Berlin: Notruf in der Warteschleife
Jeder zehnte Brandenburger, der 110 wählt, muss sich länger als 30 Sekunden gedulden, bis jemand abhebt.
Potsdam/Berlin – Rund 60 000 Mal im Jahr oder 160 Mal am Tag erreichen Bürger in Brandenburg den Polizeinotruf 110 nicht und legten auf. Bei fast 100 000 der insgesamt 437 660 Anrufe im Jahr 2012 dauerte es länger als 30 Sekunden, bis ein Beamter in den Zentralen in Potsdam und Frankfurt (Oder) abnahm. Im Schnitt dauerte es 13 Sekunden.

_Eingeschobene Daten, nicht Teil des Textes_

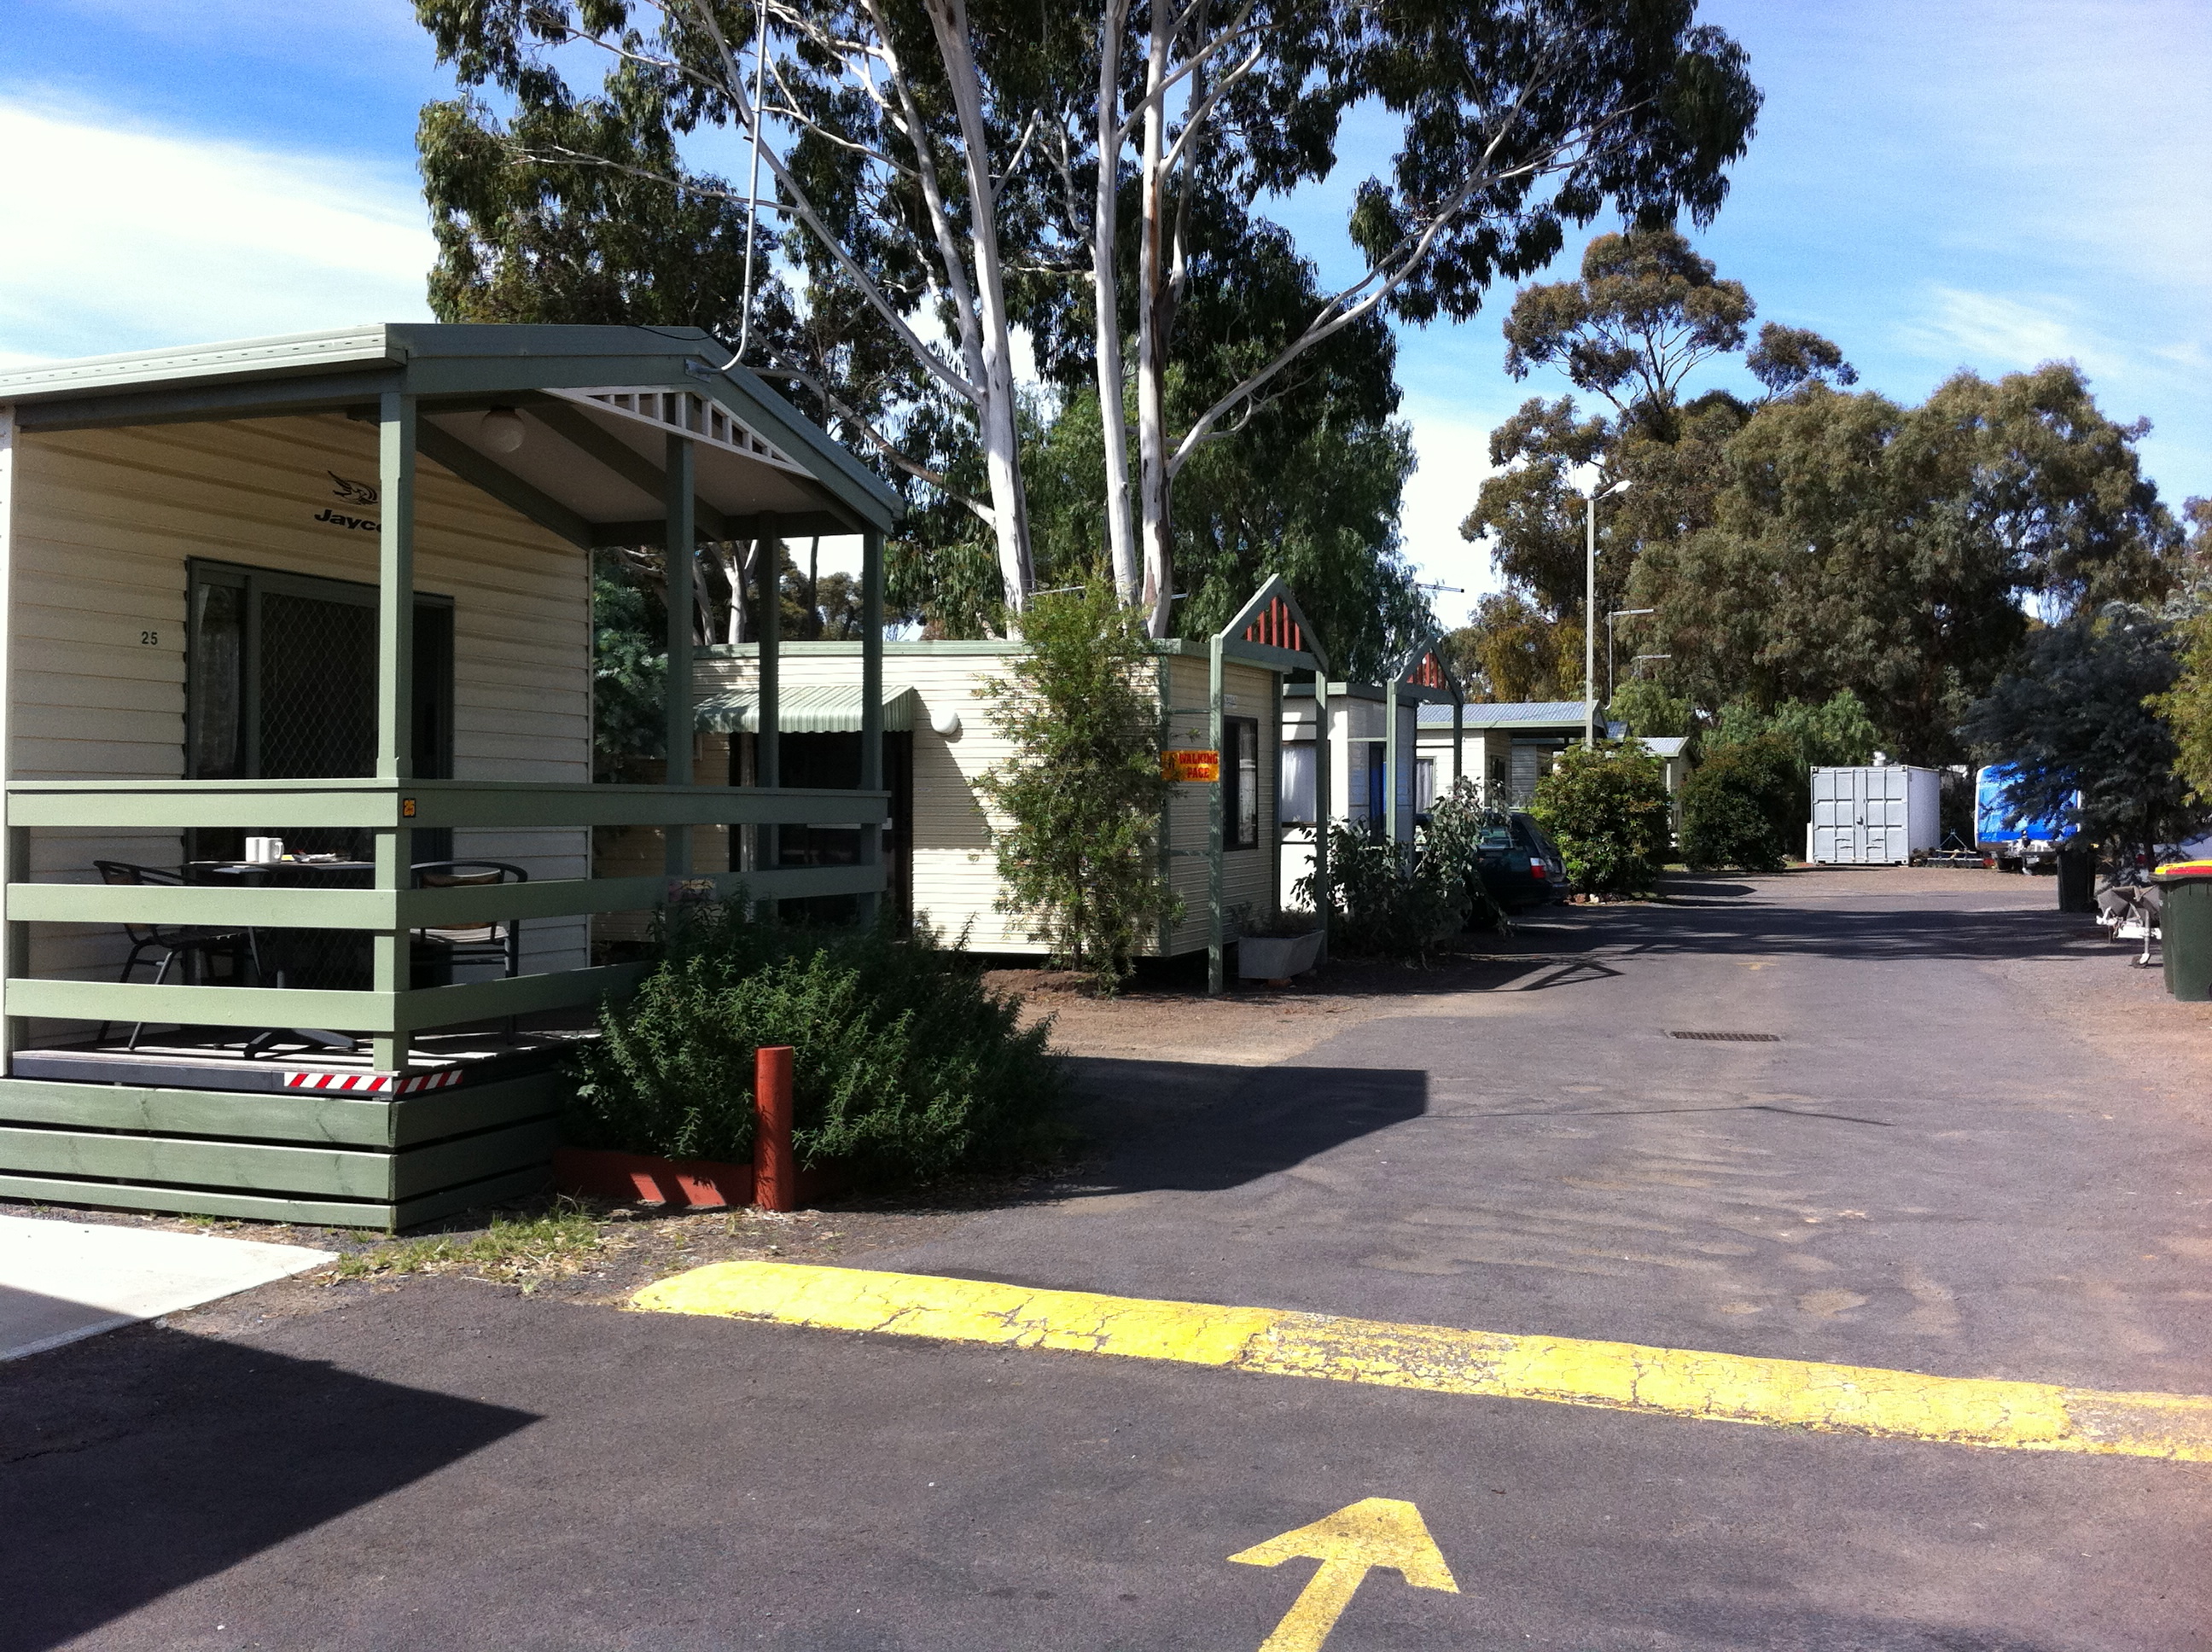 Golden Country Motel and Caravan Park - Maryborough: Cottage accommodation, ideal for families, couples and singles

Die Zahlen nennt das Innenministerium in einer Antwort auf eine Anfrage des CDU- Landtagsabgeordneten Björn Lakenmacher. Er sprach von einem katastrophalen Zustand. „Die Menschen müssen sich darauf verlassen können, dass schnell Hilfe kommt, wenn sie die Polizei anrufen“, sagte Lakenmacher. „Mehr als jeder achte Anrufer musste den Notruf abbrechen, weil die Polizei nicht schnell genug erreichbar war.“ Grund sei die Polizeireform. Ein Sprecher des Innenministeriums wies die Kritik zurück. „Einen Sockel von etwa 60 000 abgebrochenen Notrufversuchen verzeichnete die Polizei auch vor der Reform 2011“, sagte er. Insgesamt sinke die Zahl der abgebrochene Notrufe. „Fälle, in denen Hilfesuchende den Polizeinotruf tatsächlich vergeblich wählen, sind sehr selten.“ Bei 20 000 der 60 000 abgebrochenen Anrufe ließen es die Bürger nur einmal klingeln und legten binnen fünf Sekunden auf. Die übrigen 40 000 abgebrochenen Anrufe gingen meist auf Mehrfachanrufer zurück.

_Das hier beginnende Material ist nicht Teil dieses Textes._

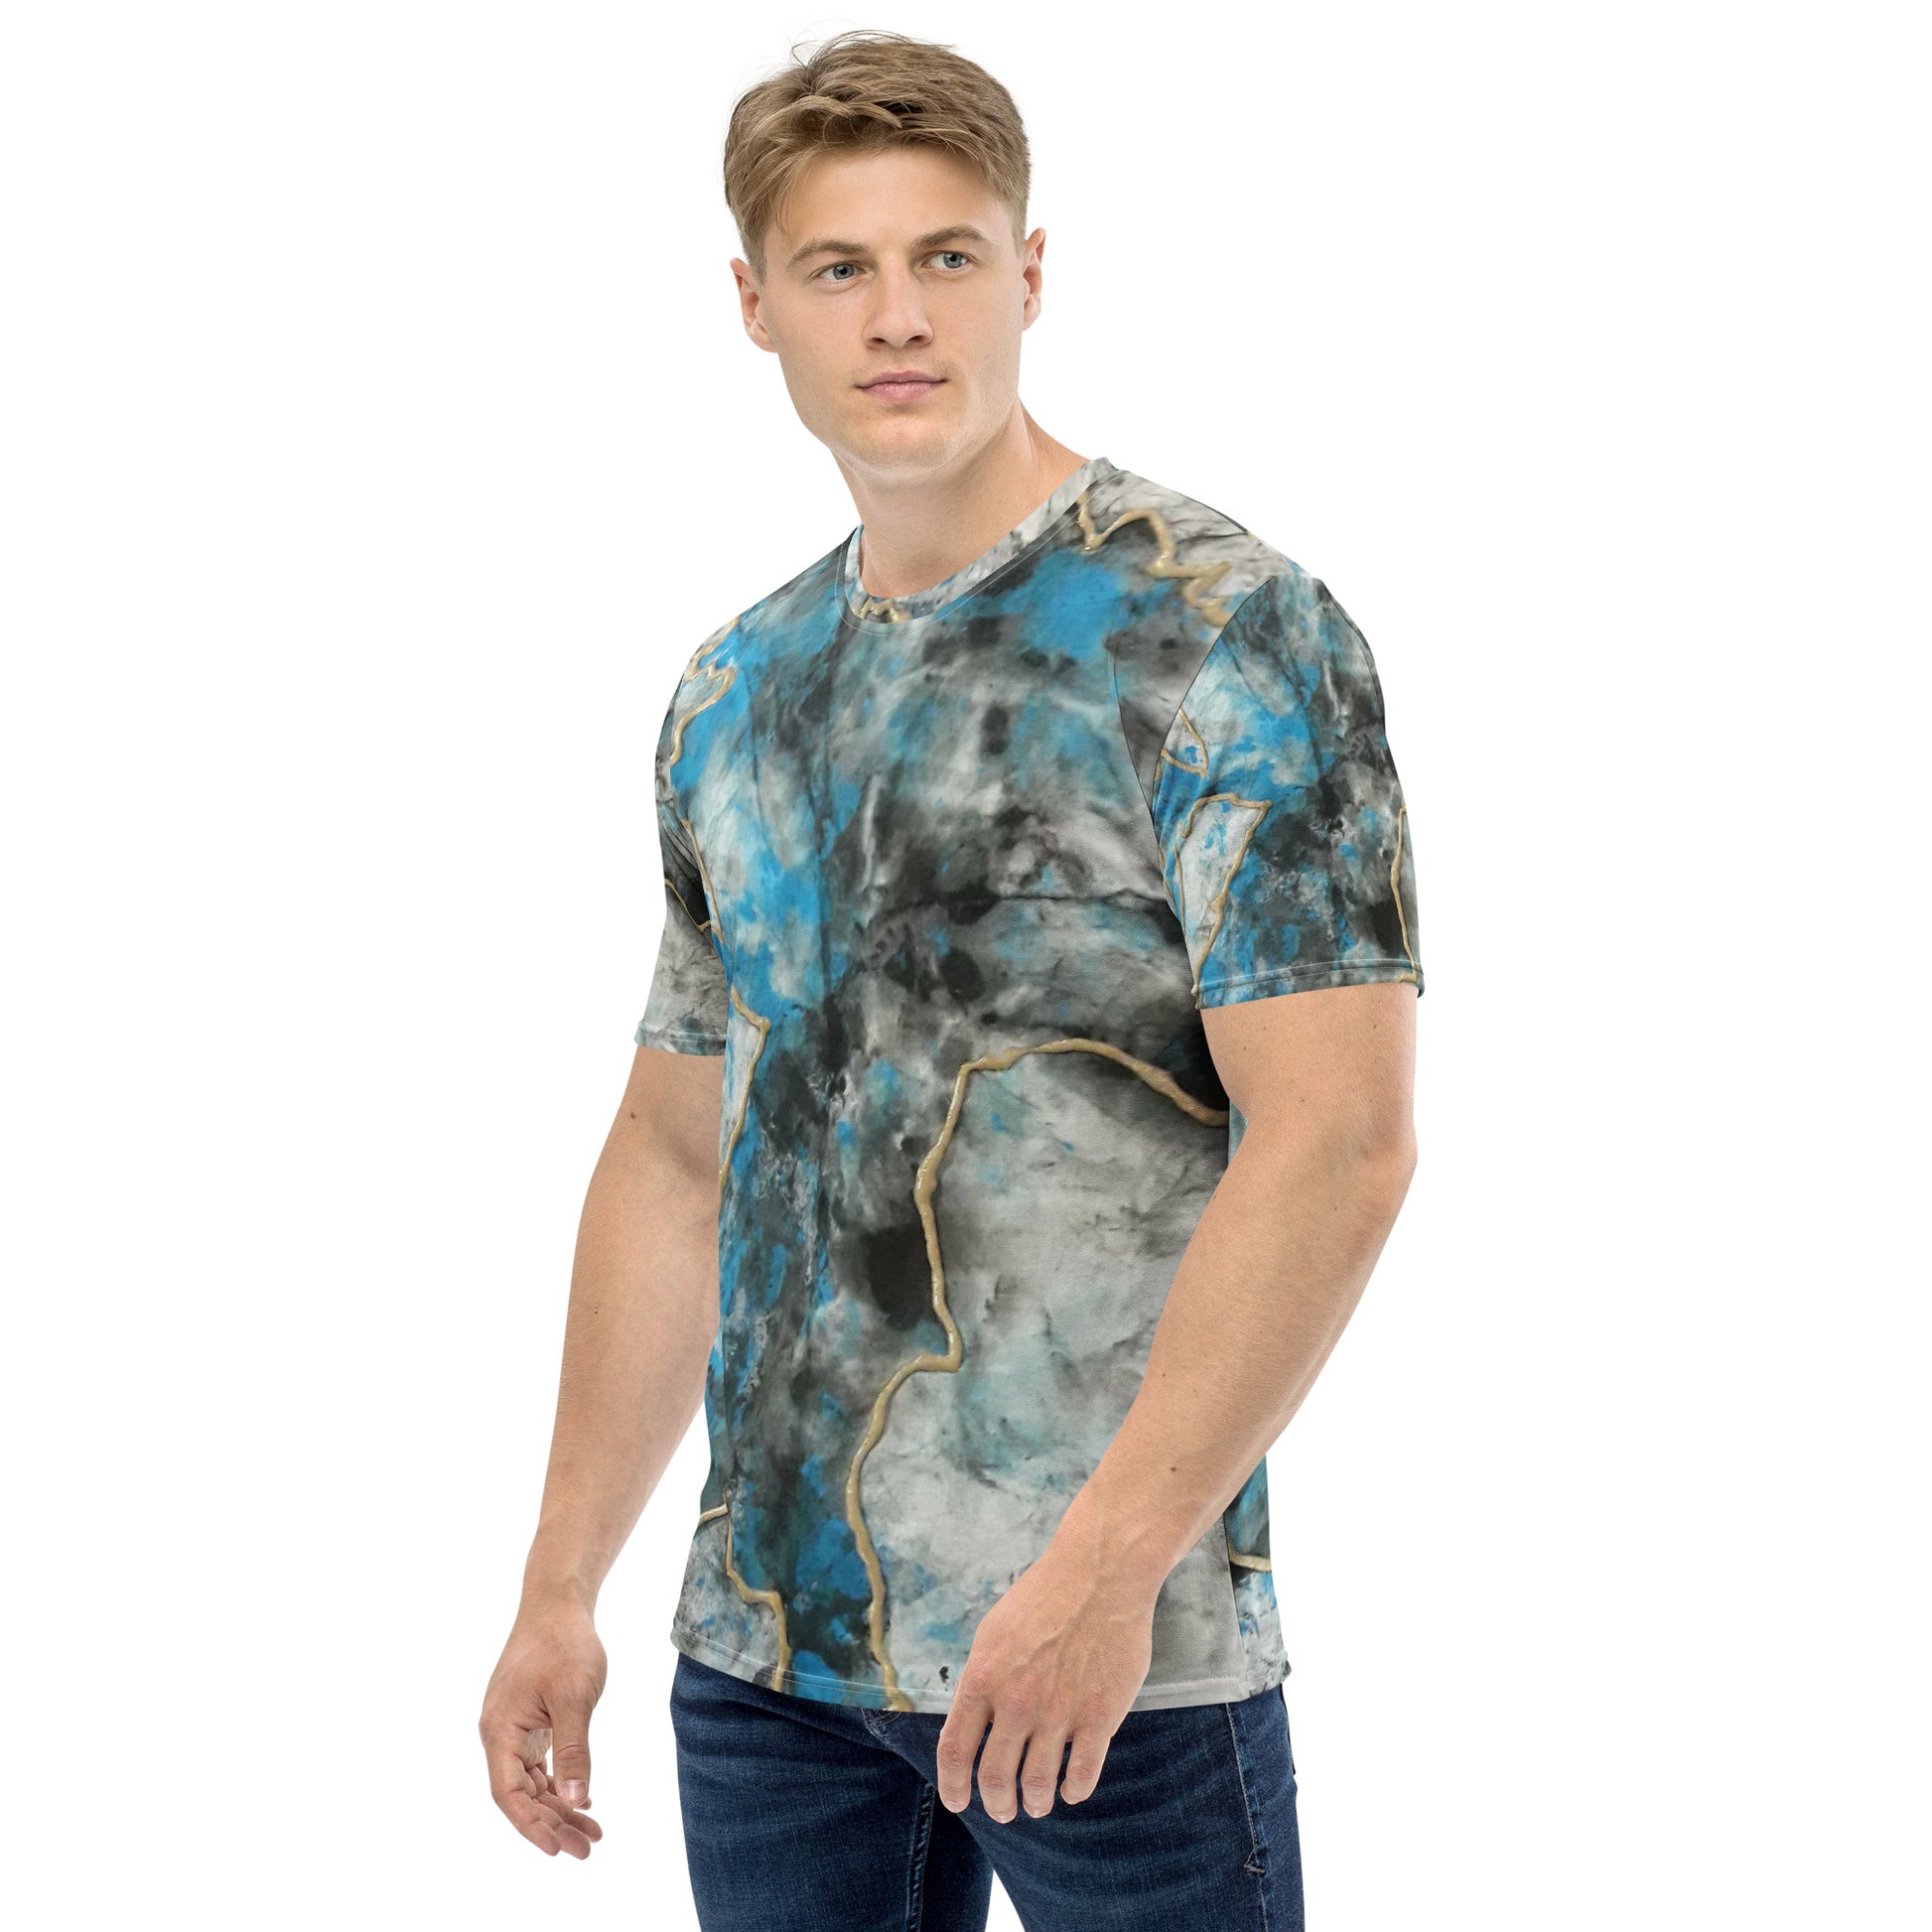 Abstract Men's T-shirt - O By Onica Online Store

In Berlin ist der Notruf schneller zu erreichen. Bei der Polizei dauert es im Schnitt sechs Sekunden, bis ein Beamter abnimmt. 81 Prozent der Anrufe werden binnen zehn Sekunden angenommen, in Brandenburg ist das nur bei der Hälfte der Fall. Bei nur fünf Prozent der Notrufe in Berlin – in Brandenburg waren es zehn Prozent – dauert es länger als 30 Sekunden.
Durch die Polizeireform seien zu wenige Beamte und Streifenwagen auf Brandenburgs Straßen unterwegs, sagte CDU- Innenexperte Lakenmacher. Der Chef der Gewerkschaft der Polizei, Andreas Schuster, sagte, die bei der Polizeireform vorgegebene Zahl, dass 160 Streifenwagen am Tag im Land im Einsatz seien sollen, werde wegen Personalmangels nicht erreicht. Aktuell seien es bis zu 115 Fahrzeuge. Der Vize-Landeschef der Deutschen Polizeigewerkschaft, Lutz Thierfelder, sagte: „Fragen Sie mal auf dem Dorf nach, wann die dort den letzten Streifenwagen gesehen haben.“
Gravierend wirkt sich Polizeireform auf die Einsatzzeiten aus. Es dauerte 26,47 Minuten von der Alarmierung eines Einsatzwagens bis zur Ankunft vor Ort. 2011, vor der Polizeireform, waren es 24,22 Minuten, 2008 nur 23,24 Minuten. Laut Schuster sind die Zahlen der vergangenen beiden Jahre für die Reform geschönt. Zuvor sei die Interventionszeit ab Notruf bis zum Eintreffen am Einsatzort gemessen worden. Seit der Polizeireform werde erst gemessen, wenn ein Streifenwagen losfährt. Mit der Polizeireform soll die Zahl der Stellen von 8900 auf 7000 im Jahr 2020 sinken. Wegen rapide steigender Einbruchs- und Grenzkriminalität soll der Stellenabbau nach internen Absprachen auf 7800 Stellen abgebremst werden.
Die Feuerwehr in Berlin ist durchschnittlich nach sieben bis acht Sekunden an der Leitung. Die Notrufe könnten zu 90 Prozent in unter zehn Sekunden angenommen werden, sagte ein Sprecher. Massive Kritik gibt es aber auch hier. So komme jeder zweite Rettungswagen verspätet zum Patienten, kritisiert die Gewerkschaft. Grund seien personelle Engpässe.